=== EXERCISE GOAL ===
Output the full listing below, keeping each line exact.

=== RECORD SET ===
Start of Block

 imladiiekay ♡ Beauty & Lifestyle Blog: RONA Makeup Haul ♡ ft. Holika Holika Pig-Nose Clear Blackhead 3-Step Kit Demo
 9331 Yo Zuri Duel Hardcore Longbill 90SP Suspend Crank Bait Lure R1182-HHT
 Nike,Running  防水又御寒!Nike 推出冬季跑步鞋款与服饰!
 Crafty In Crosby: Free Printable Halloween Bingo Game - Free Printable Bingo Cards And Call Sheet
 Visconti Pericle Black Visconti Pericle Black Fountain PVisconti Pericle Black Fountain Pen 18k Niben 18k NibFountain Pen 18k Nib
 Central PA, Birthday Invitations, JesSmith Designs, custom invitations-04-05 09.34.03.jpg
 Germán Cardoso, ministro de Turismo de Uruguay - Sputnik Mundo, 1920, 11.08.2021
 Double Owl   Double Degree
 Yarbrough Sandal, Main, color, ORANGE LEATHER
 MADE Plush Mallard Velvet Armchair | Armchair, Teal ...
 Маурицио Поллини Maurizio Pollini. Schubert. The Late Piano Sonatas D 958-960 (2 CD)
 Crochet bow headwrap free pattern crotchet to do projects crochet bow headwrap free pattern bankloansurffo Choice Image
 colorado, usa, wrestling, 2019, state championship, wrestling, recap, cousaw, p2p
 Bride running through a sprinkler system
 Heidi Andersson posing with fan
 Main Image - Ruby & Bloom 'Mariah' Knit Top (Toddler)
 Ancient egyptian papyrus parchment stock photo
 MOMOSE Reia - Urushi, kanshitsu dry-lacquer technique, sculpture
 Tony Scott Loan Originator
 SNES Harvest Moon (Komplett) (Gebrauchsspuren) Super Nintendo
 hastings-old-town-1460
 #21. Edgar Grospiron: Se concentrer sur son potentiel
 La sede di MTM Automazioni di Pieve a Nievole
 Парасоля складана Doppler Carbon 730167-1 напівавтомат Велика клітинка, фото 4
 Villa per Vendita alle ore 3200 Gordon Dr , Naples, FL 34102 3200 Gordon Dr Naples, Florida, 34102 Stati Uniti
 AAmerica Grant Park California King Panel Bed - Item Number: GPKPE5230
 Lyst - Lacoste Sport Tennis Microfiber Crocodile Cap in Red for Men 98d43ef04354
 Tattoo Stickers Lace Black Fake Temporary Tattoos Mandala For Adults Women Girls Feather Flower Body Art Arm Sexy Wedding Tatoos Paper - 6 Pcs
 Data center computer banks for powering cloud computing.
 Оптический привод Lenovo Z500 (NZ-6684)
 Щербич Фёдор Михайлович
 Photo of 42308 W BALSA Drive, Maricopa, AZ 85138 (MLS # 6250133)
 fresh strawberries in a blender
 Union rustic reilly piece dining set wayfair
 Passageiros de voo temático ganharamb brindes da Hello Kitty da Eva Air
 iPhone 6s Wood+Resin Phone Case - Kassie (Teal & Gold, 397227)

End of Block

=== TASK OUTPUT ===
 imladiiekay ♡ Beauty & Lifestyle Blog: RONA Makeup Haul ♡ ft. Holika Holika Pig-Nose Clear Blackhead 3-Step Kit Demo
 9331 Yo Zuri Duel Hardcore Longbill 90SP Suspend Crank Bait Lure R1182-HHT
 Nike,Running  防水又御寒!Nike 推出冬季跑步鞋款与服饰!
 Crafty In Crosby: Free Printable Halloween Bingo Game - Free Printable Bingo Cards And Call Sheet
 Visconti Pericle Black Visconti Pericle Black Fountain PVisconti Pericle Black Fountain Pen 18k Niben 18k NibFountain Pen 18k Nib
 Central PA, Birthday Invitations, JesSmith Designs, custom invitations-04-05 09.34.03.jpg
 Germán Cardoso, ministro de Turismo de Uruguay - Sputnik Mundo, 1920, 11.08.2021
 Double Owl   Double Degree
 Yarbrough Sandal, Main, color, ORANGE LEATHER
 MADE Plush Mallard Velvet Armchair | Armchair, Teal ...
 Маурицио Поллини Maurizio Pollini. Schubert. The Late Piano Sonatas D 958-960 (2 CD)
 Crochet bow headwrap free pattern crotchet to do projects crochet bow headwrap free pattern bankloansurffo Choice Image
 colorado, usa, wrestling, 2019, state championship, wrestling, recap, cousaw, p2p
 Bride running through a sprinkler system
 Heidi Andersson posing with fan
 Main Image - Ruby & Bloom 'Mariah' Knit Top (Toddler)
 Ancient egyptian papyrus parchment stock photo
 MOMOSE Reia - Urushi, kanshitsu dry-lacquer technique, sculpture
 Tony Scott Loan Originator
 SNES Harvest Moon (Komplett) (Gebrauchsspuren) Super Nintendo
 hastings-old-town-1460
 #21. Edgar Grospiron: Se concentrer sur son potentiel
 La sede di MTM Automazioni di Pieve a Nievole
 Парасоля складана Doppler Carbon 730167-1 напівавтомат Велика клітинка, фото 4
 Villa per Vendita alle ore 3200 Gordon Dr , Naples, FL 34102 3200 Gordon Dr Naples, Florida, 34102 Stati Uniti
 AAmerica Grant Park California King Panel Bed - Item Number: GPKPE5230
 Lyst - Lacoste Sport Tennis Microfiber Crocodile Cap in Red for Men 98d43ef04354
 Tattoo Stickers Lace Black Fake Temporary Tattoos Mandala For Adults Women Girls Feather Flower Body Art Arm Sexy Wedding Tatoos Paper - 6 Pcs
 Data center computer banks for powering cloud computing.
 Оптический привод Lenovo Z500 (NZ-6684)
 Щербич Фёдор Михайлович
 Photo of 42308 W BALSA Drive, Maricopa, AZ 85138 (MLS # 6250133)
 fresh strawberries in a blender
 Union rustic reilly piece dining set wayfair
 Passageiros de voo temático ganharamb brindes da Hello Kitty da Eva Air
 iPhone 6s Wood+Resin Phone Case - Kassie (Teal & Gold, 397227)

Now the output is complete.